Ever since my trip to the new Everything But Water boutique in the Galleria, I have been obsessed with all things beachwear. It didn't hurt that the experience of shopping for a new suit was so incredibly positive; it has me thinking about a serious expansion of my resort/swimwear wardrobe. We live in Houston, after all, where so much of the year is spent poolside or on the beach in Galveston -- it makes sense to invest in quality pieces that will last for a few seasons. Given the effects of sun, salt and chlorine on delicate fabrics, it's also important to properly care for these pieces so you get your money's worth.
Swimwear and resort wear are as important from a fashion perspective as haute couture, perhaps even more so, since they tend to be more affordable than high-fashion or even ready-to-wear pieces. While it might be tempting to keep on buying one thirty-dollar suit every year at Target just to toss it in September, consider that with preventative care and proper washing, a high-end suit will likely last you more than one summer.
Choosing a Swimsuit
Swimsuit buying guides are a dime-a-dozen this time of year. Every magazine is running some sort of "best suit for your body type" story. If you need help, try one of these: • Best Swimsuits for Your Body Type (Shape.com) • The Right Swimsuit for Your Body Type (Fitness Magazine) • How to Find Your Body's Sexiest Swimsuit (Glamour) • The Best Swimsuits for Your Body Type (Cosmopolitan) • Perfect Fit Guide (Everything But Water)

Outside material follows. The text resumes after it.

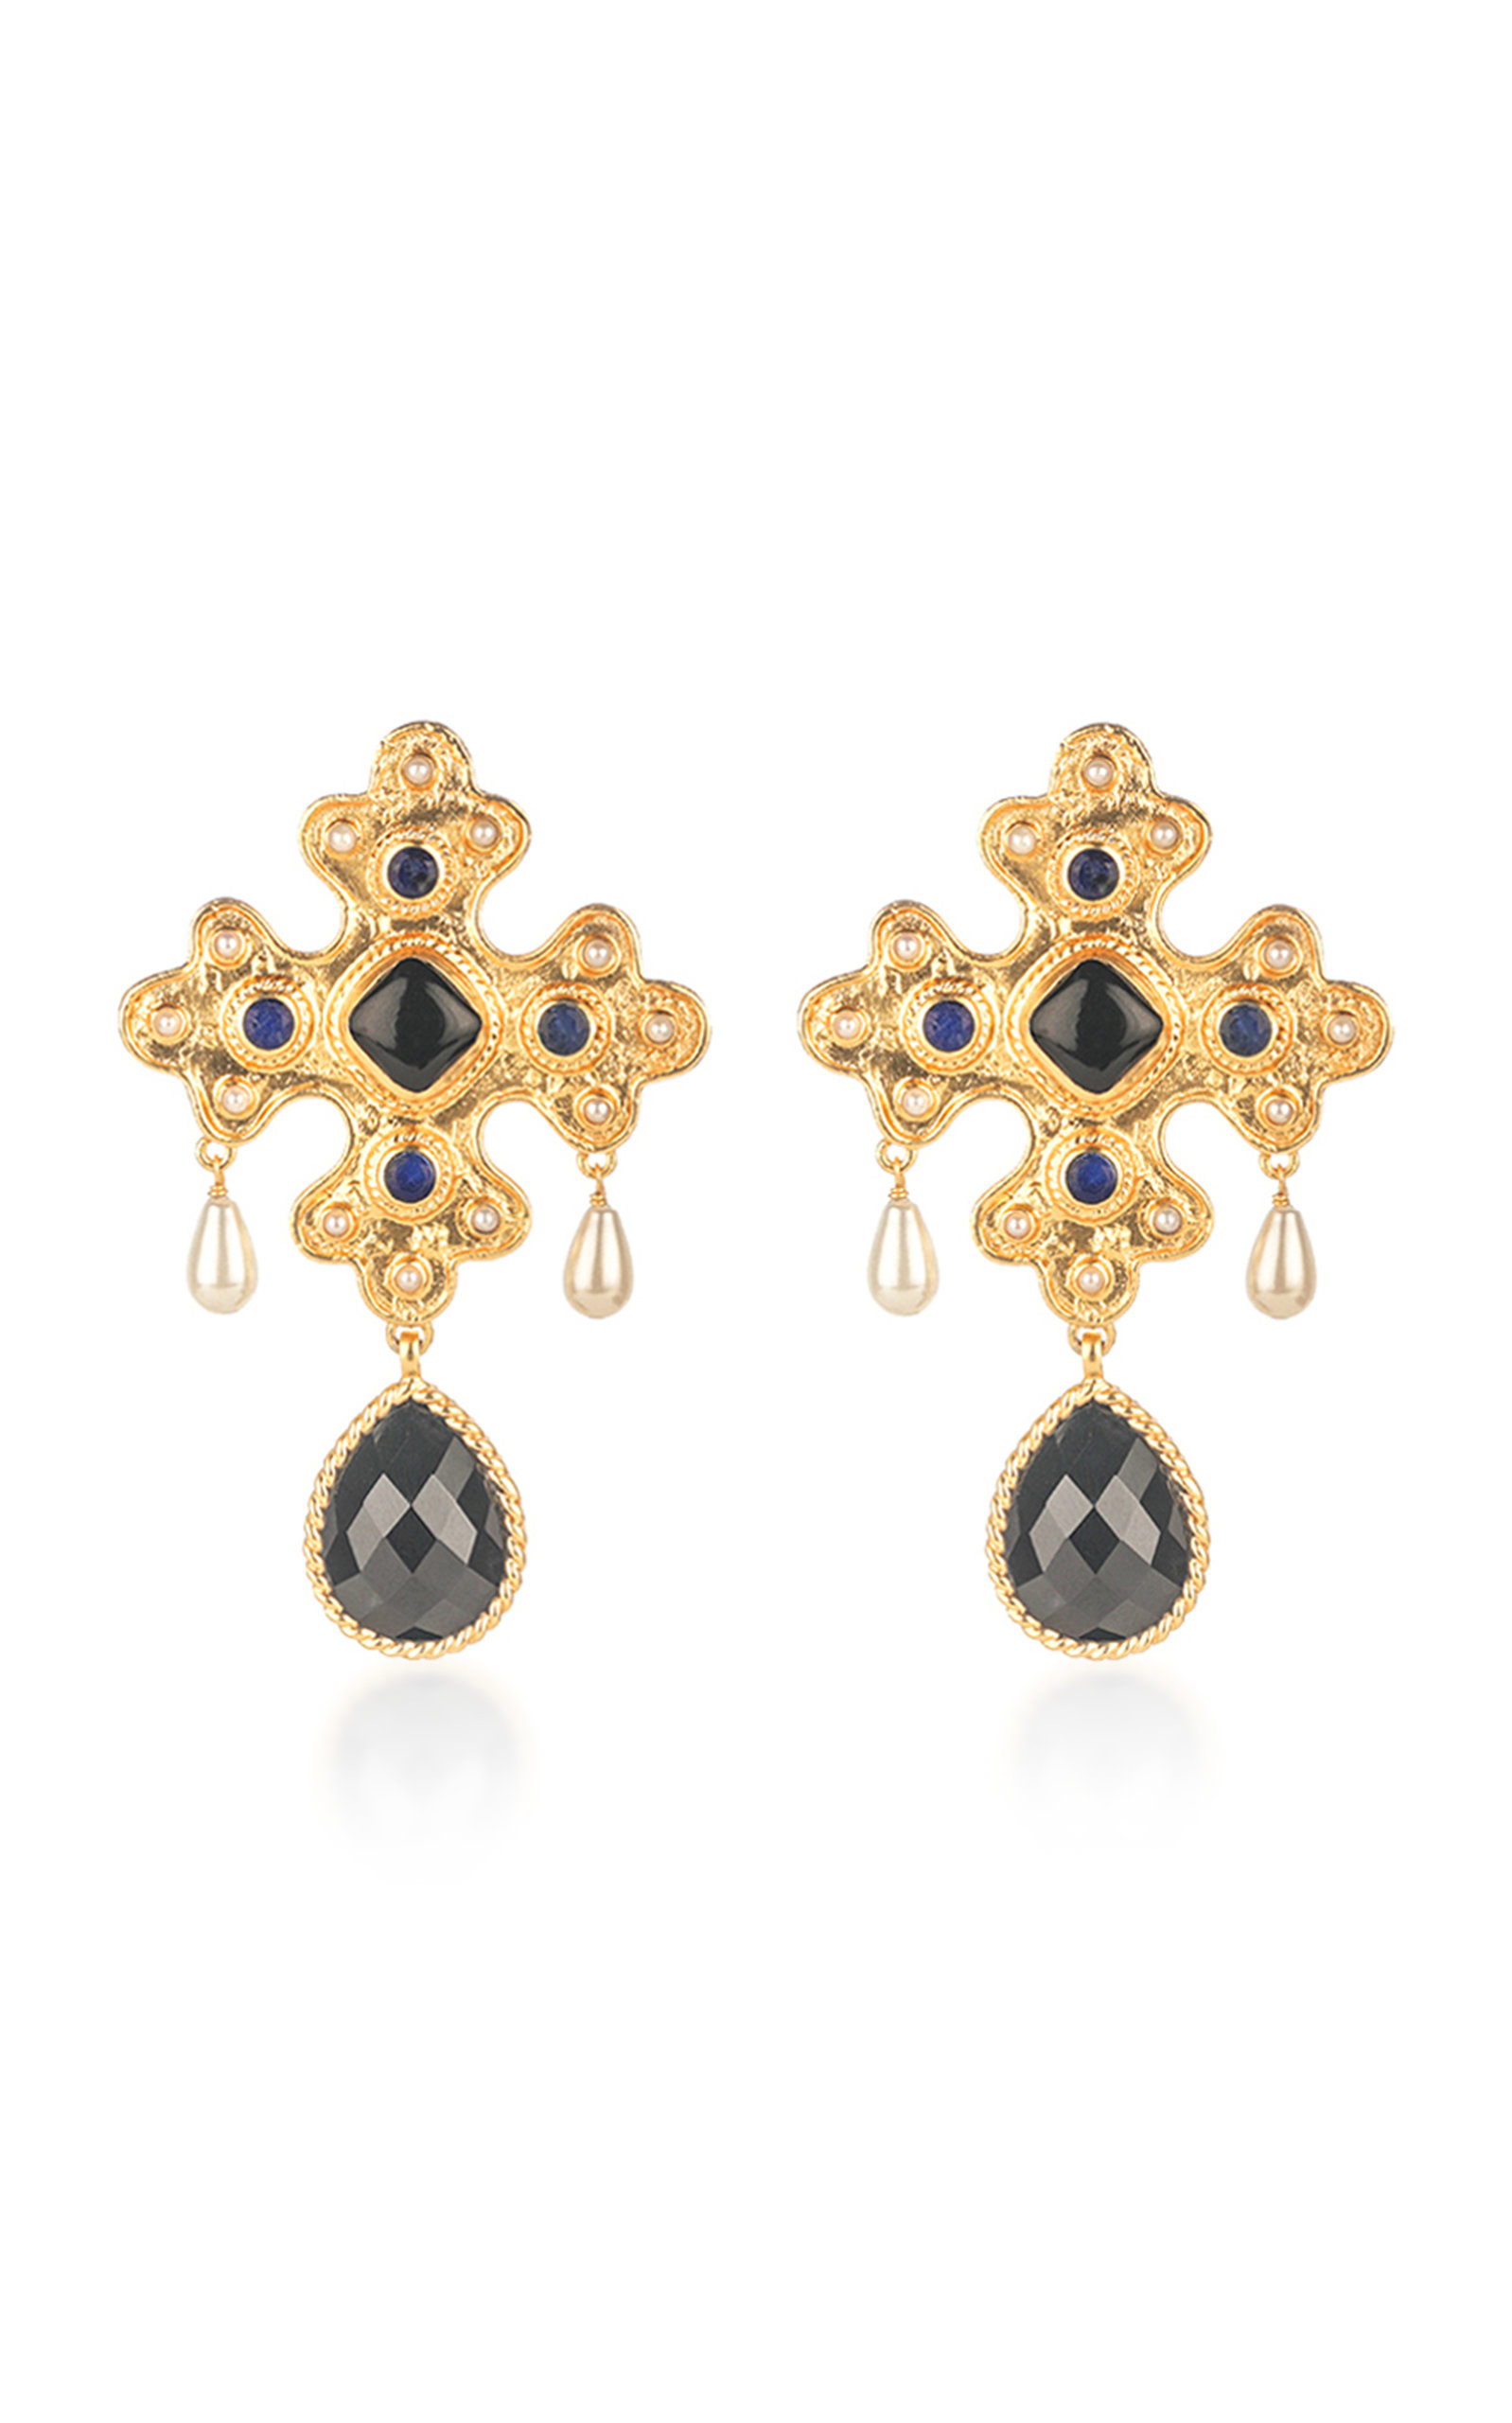 Look no further than VALÉRE for statement-making jewelry. These 'Nicolette' earrings are crafted fro

Of course, some of us don't fit neatly into just one category. (Guess who's petite and pear-shaped and small-busted and has a bit of a belly!) These are just guides, so along with a general shape in mind, be sure you are armed with the most important swimsuit-buying tool: a healthy attitude. The only thing more depressing than shopping for jeans is shopping for swimsuits, but it's important to go easy on yourself when it's you versus the dressing-room mirror.

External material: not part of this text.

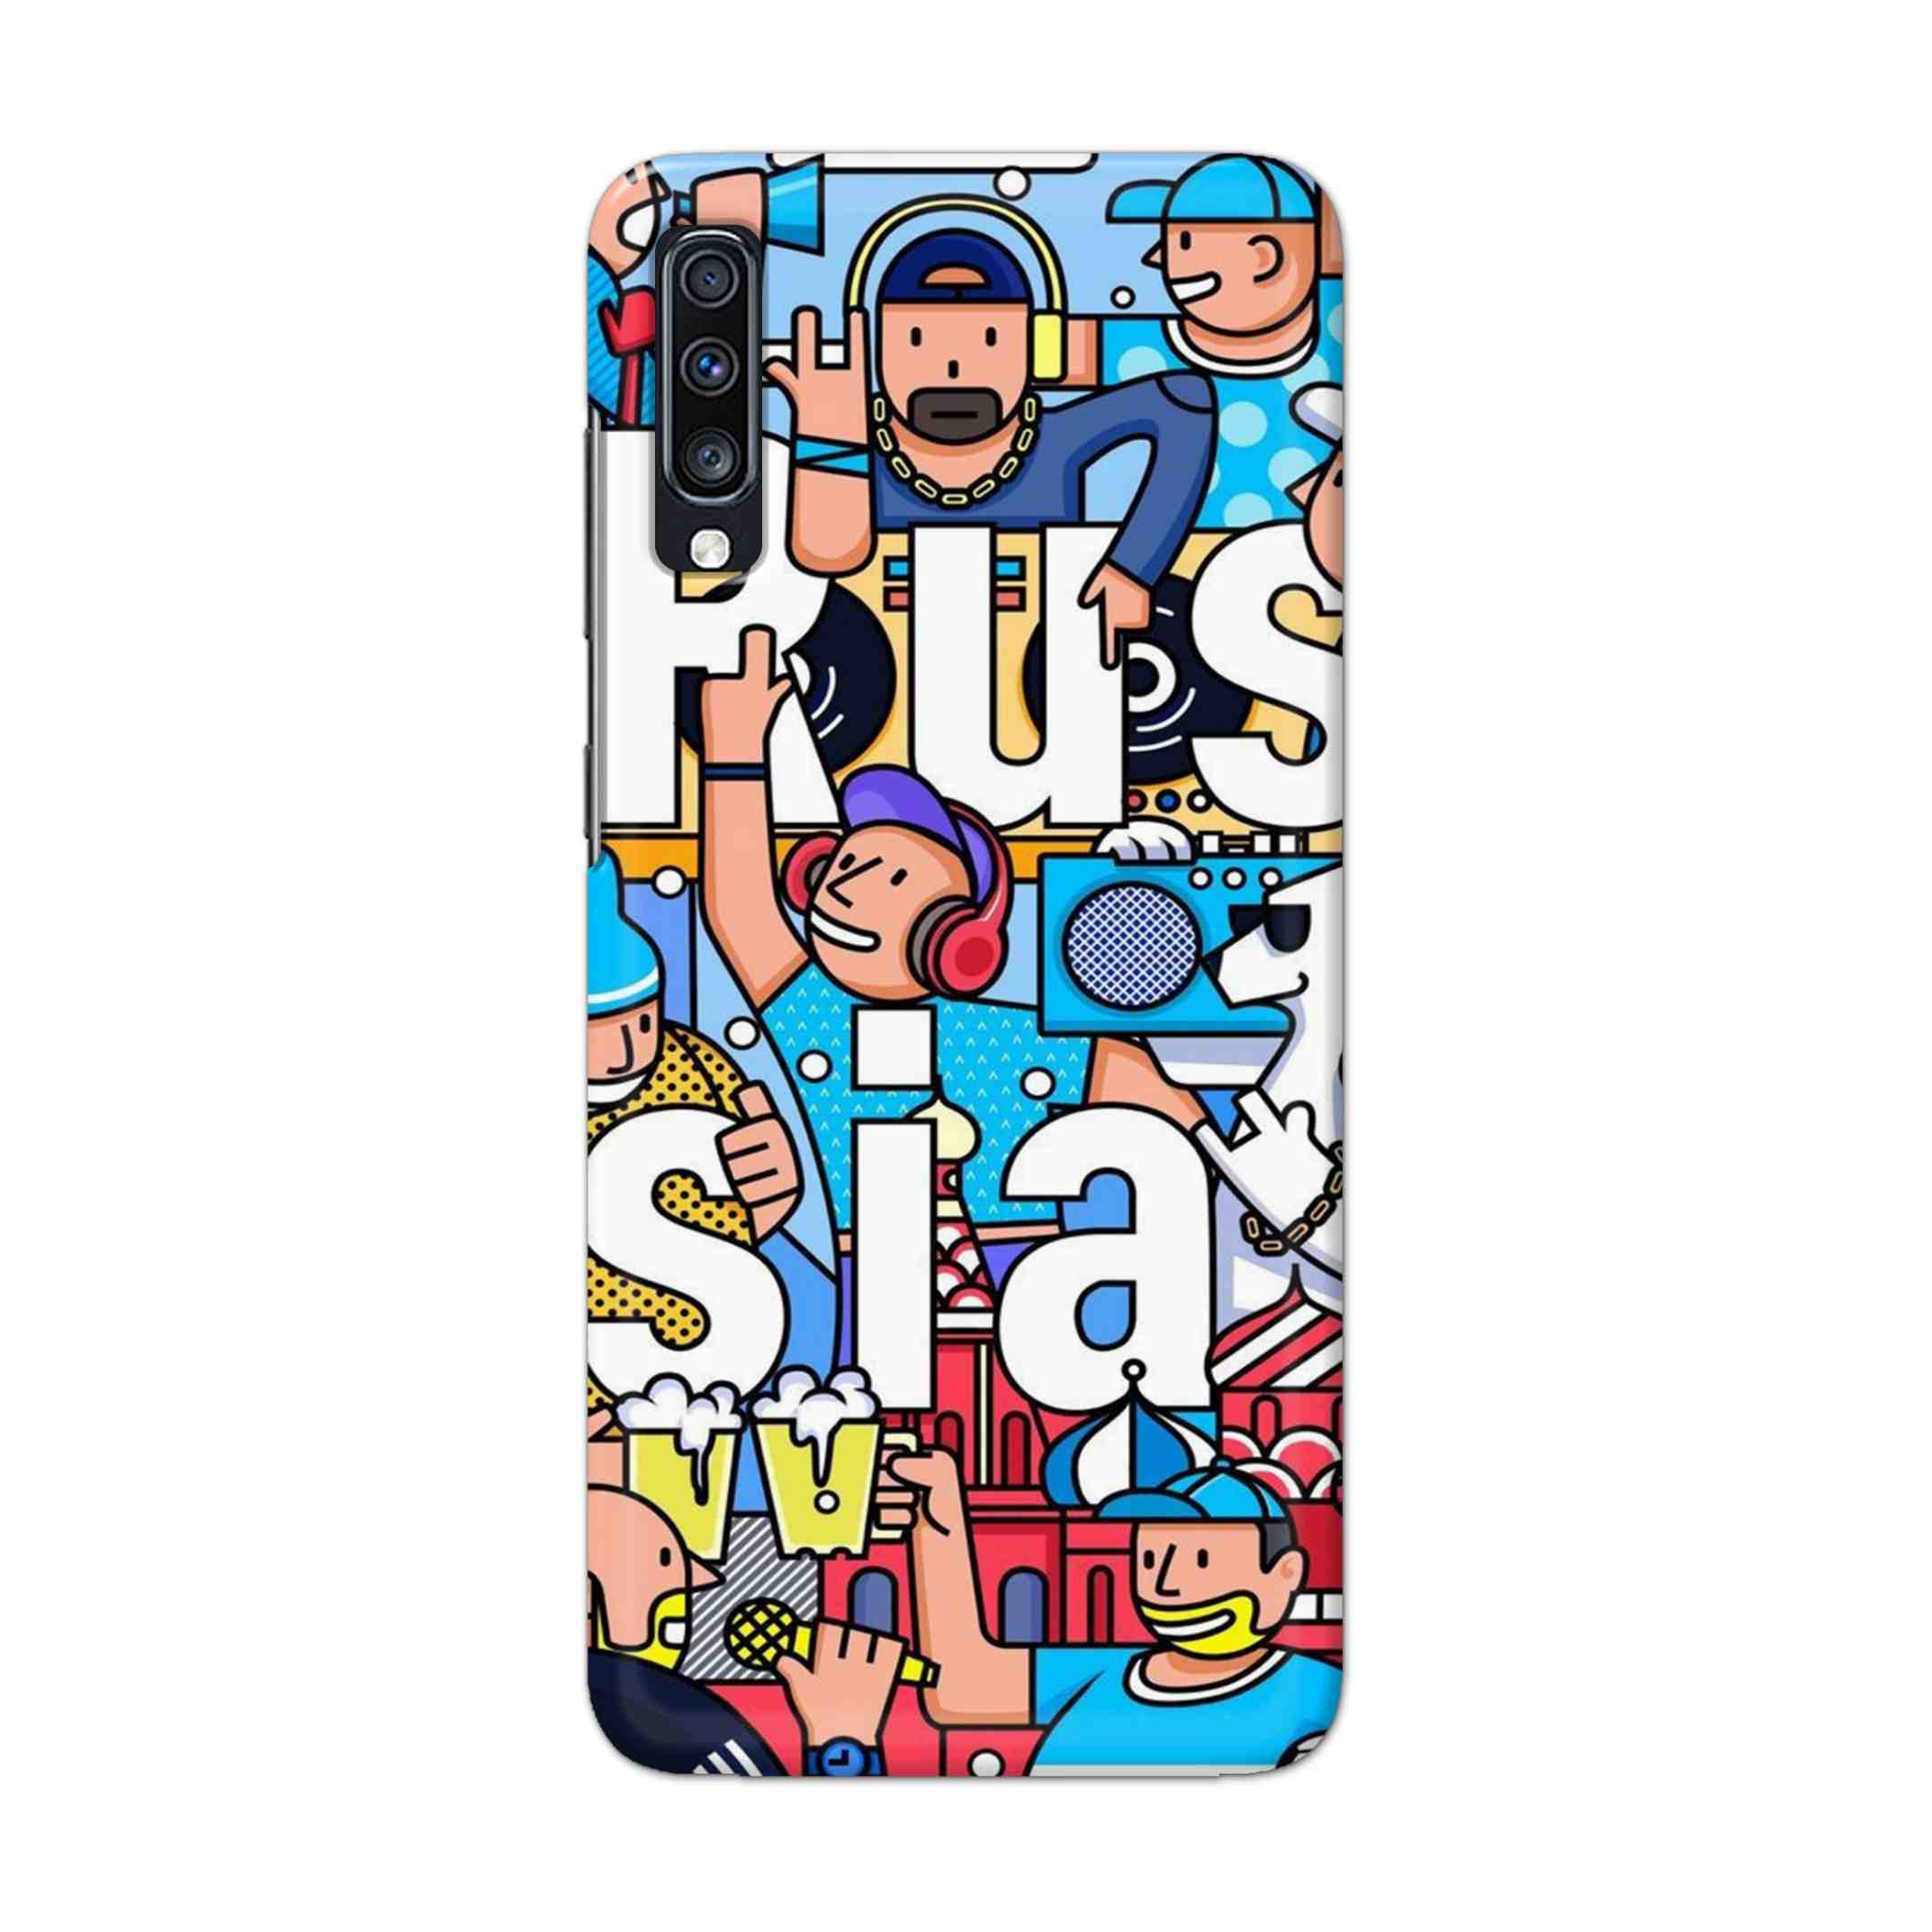 Buy Russia Hard Back Mobile Phone Case Cover For Samsung Galaxy A70 Online

Swimsuit trends tend to follow the same trends we see elsewhere in the fashion world, with a few modifications. In terms of styles, you can't really overhaul the basic shape of a bikini, one-piece or tankini -- they are what they are. Swimsuit trends present themselves through color, pattern and embellishment, as well as "genre," i.e., "military-inspired" or "rock-and-roll-inspired."
The hot colors for spring and summer 2012 are also the hot colors for swimwear: Think pastels, along with shades that marry neons with sherbets. Mint greens, sherbet orange and pink, and rich, bright blues are everywhere.

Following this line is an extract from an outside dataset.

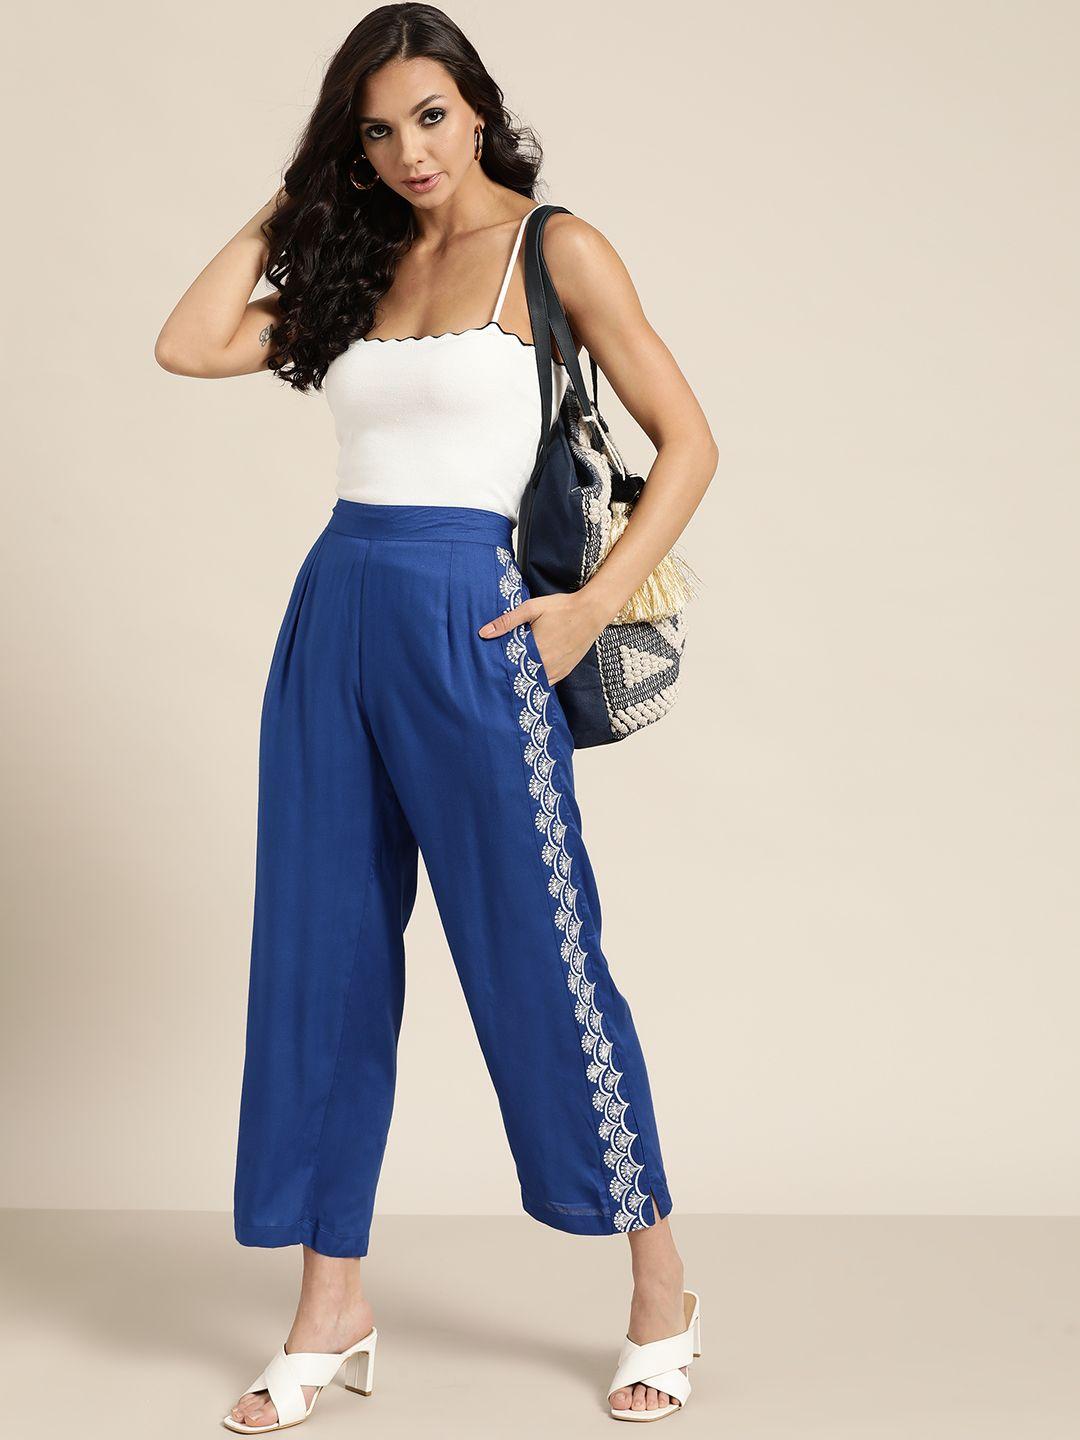 shae-by-sassafras-women-blue-solid-pleated-trousers-with-embroidered-detail

In terms of styles, one-shouldered one-pieces and bikini tops are making a big splash this season. One of the most eye-grabbing one-shoulder bikini styles is from Becca by Rebecca Virtue; "Between the Lines" combines bright, eye-catching sherbet/neons with color blocking and the one-shoulder top. If the string-tie bottom is too skimpy, you can try the banded hipster instead.
Vintage inspiration is also being seen in beach and swimwear. One of the major benefits of shopping swimwear with a vintage feel is coverage -- it's much easier to find styles that have more generous coverage. Don't confuse "more fabric" with "less sex appeal," though; vintage inspiration can be interpreted in more skimpy styles with the use of classic patterns, like gingham and florals, or embellishments like ruffles and buttons. Pairing a high-waisted bottom or a halter top with a sexier companion piece allows you the best of both worlds, modern and vintage. If you're looking for the cutest vintage-inspired swimsuits (or vintage-inspired anything else), my go-to is Shabby Apple.
So you've decided to spend $70, or $90, or $130 on a new swimsuit -- are you just going to throw it in the washing machine? The answer is no. In fact, not only do you need to care for the garments differently after you wear them, you need to care for them differently starting the minute you bring them home. For $8 I picked up Everything But Water's Swimsuit Protector, which protects against salt and chlorine damage. It comes in a 4.2 ounce bottle, and you simply soak your suit in two capfuls plus one gallon of water before wearing, and reapply after every few wearings. EBW also makes a Swimsuit Cleaner, but I think any gentle, hand-washing detergent (Woolite, or any dye/scent-free detergent) will do. It's important to wash and rinse your swimsuit by hand after every wearing, squeezing (not twisting out) excess water, and hanging to dry. Never, ever, ever, ever, EVER put your swimsuit in the dryer.